The adult buffalo fly perches on the hide of its host (day and night), feeding up to 20 times in 24 hours. Once a batch of eggs has been developed, the female will follow a fresh dung pad to the ground and deposit her eggs around the creviced edges of the pad. In normal conditions (that is, in warm summer) eggs will hatch in about 20 hours. Fly larvae feed on dung juices for some days and then burrow into the soil under the pad, where they pupate, and emerge as adults some days later to seek a host.
Why dung beetles haven’t reduced buffalo fly numbers
Numbers of species of dung beetles and the predators of fly eggs and larvae (histerid beetles and phoretic mites) have been introduced to northern Australia in an attempt to achieve biological control of the buffalo fly. This has not yet been successful, whereas biological control of the bush fly by dung beetles has been an outstanding success in the wetter regions of southern Australia.
In many situations in southern and northern Australia, dung beetles have had a similar impact on dung. Despite this, the buffalo fly appears to be as abundant as ever, except in some rare situations where persistent and massive dung burial has induced a temporary decline in their numbers. This conclusion is based on observation of fly numbers in Queensland and the Northern Territory over the past few decades and on CSIRO data (collected for more than 10 years in Rockhampton, Queensland) about the numbers of buffalo flies on cattle and the corresponding abundance of dung beetles. This analysis suggests that only at times of very high beetle abundance is the competition for dung juices between buffalo flies and dung beetles sufficient to reduce the breeding and survival of this pest fly.
Prospects for biological control of the buffalo fly
The current failure of introduced dung beetles and predators/parasites to achieve obvious biological control of the buffalo fly makes us question whether effective biological control is possible. To answer this question, a group of CSIRO scientists, led by Dr Bernard Doube, studied the biology of the African buffalo fly in South Africa, with a view to identifying biocontrol agents that could be introduced to Australia.
African buffalo flies feed on Cape Buffalo in game reserves in South Africa, and breed in dung. We studied their natural enemies in order to select biocontrol agents for the buffalo fly in Australia.
The African buffalo fly is quite scarce on cattle and buffalo in southern Africa, indicating that it may be under effective biological control. For example, in the Transkei, in summer in 1982, a 10-day survey found that cattle carried an average of 25 buffalo flies when no chemicals were used to control ticks. In similar situations in Australia buffalo fly burdens can be 1000 or more per animal.

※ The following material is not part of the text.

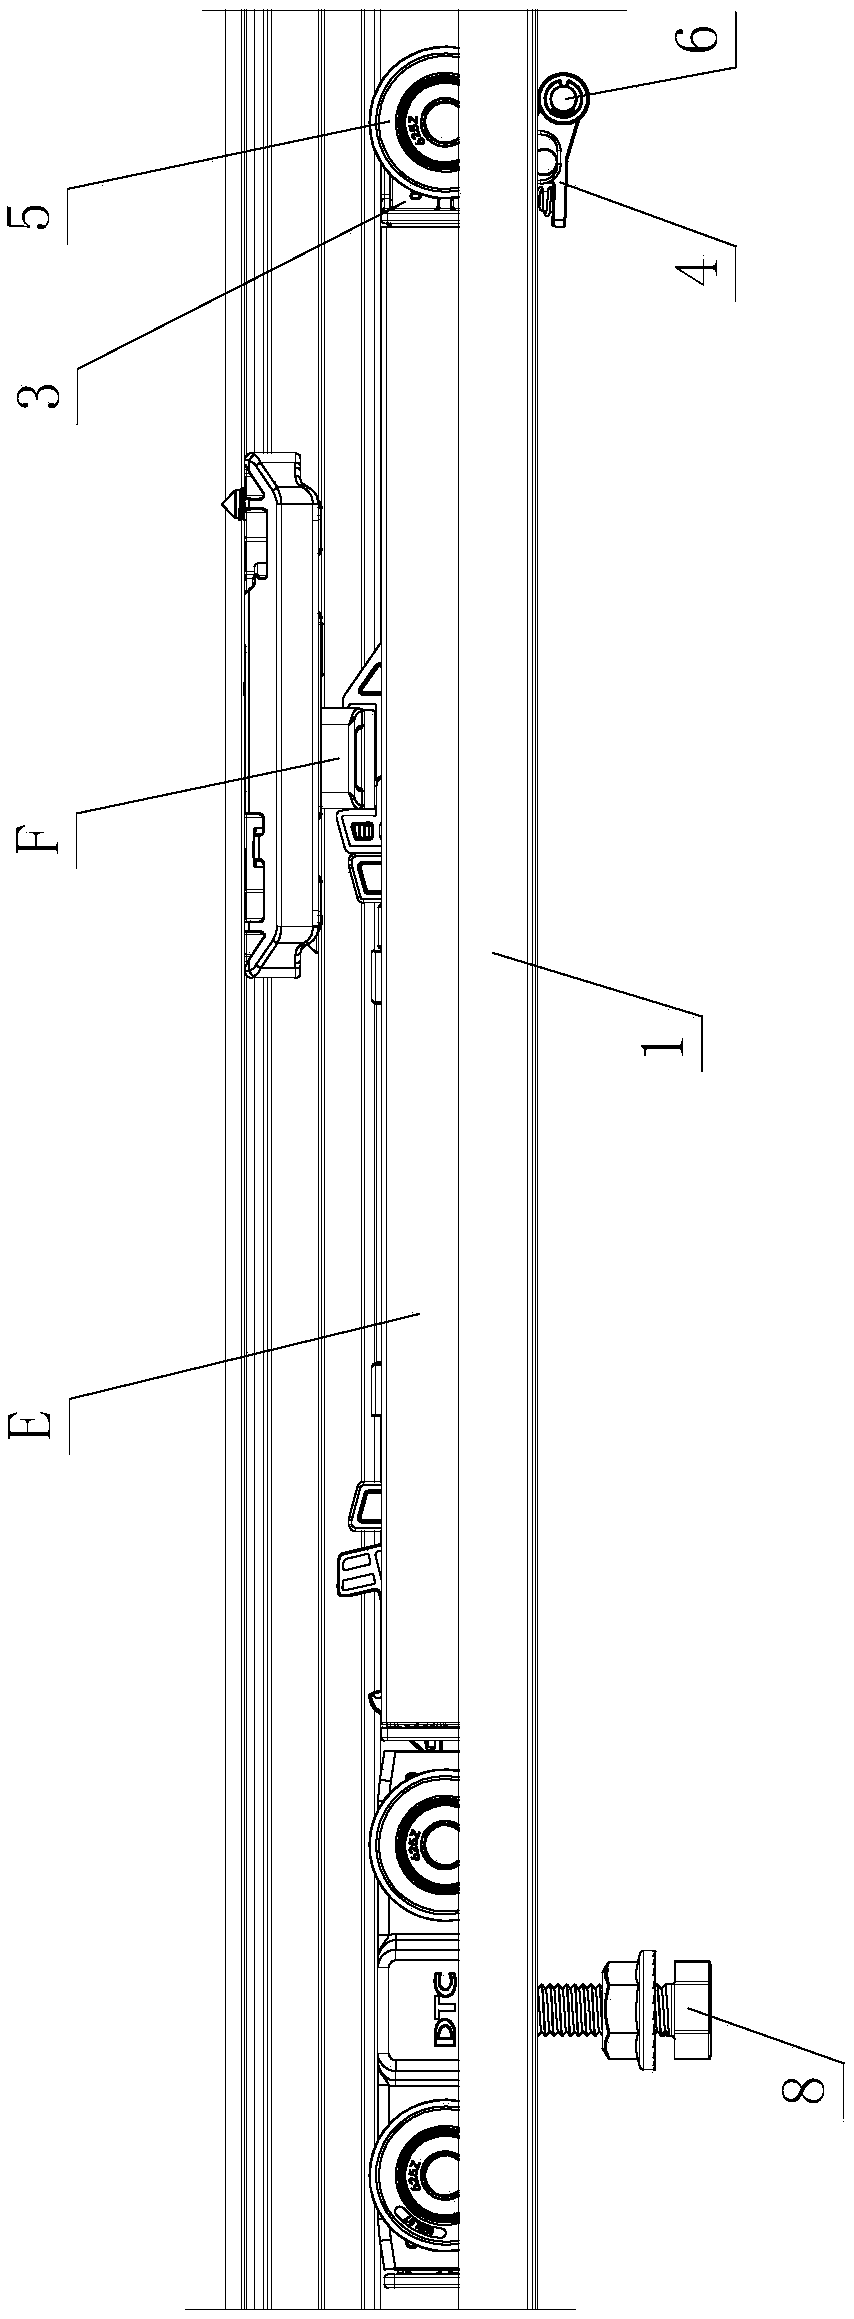 Opening-closing assisting structure of sliding door

In most of South Africa the African buffalo fly had been exterminated by the frequent use of fly-toxic chemicals for tick control, and so conventional farms could not be used to identify biocontrol agents. However, the fly was present on buffalo in the game reserves in southern Africa. Over several years in the 1980s, natural populations of the African buffalo fly were studied and the levels of biological control in African dung pads were compared with those of the buffalo fly in Australia.
A very clear result emerged. In Africa the level of biological control of the buffalo fly in dung pads was substantially greater than that observed in Australia and the fly burdens on buffalo were correspondingly lower than fly burdens on cattle in Australia. This suggests that there are indeed effective biocontrol agents in dung pads in southern Africa that could be introduced to Australia to improve control of the Australian buffalo fly. The candidates are predatory beetles and mites, more dung beetle species, and possibly parasites.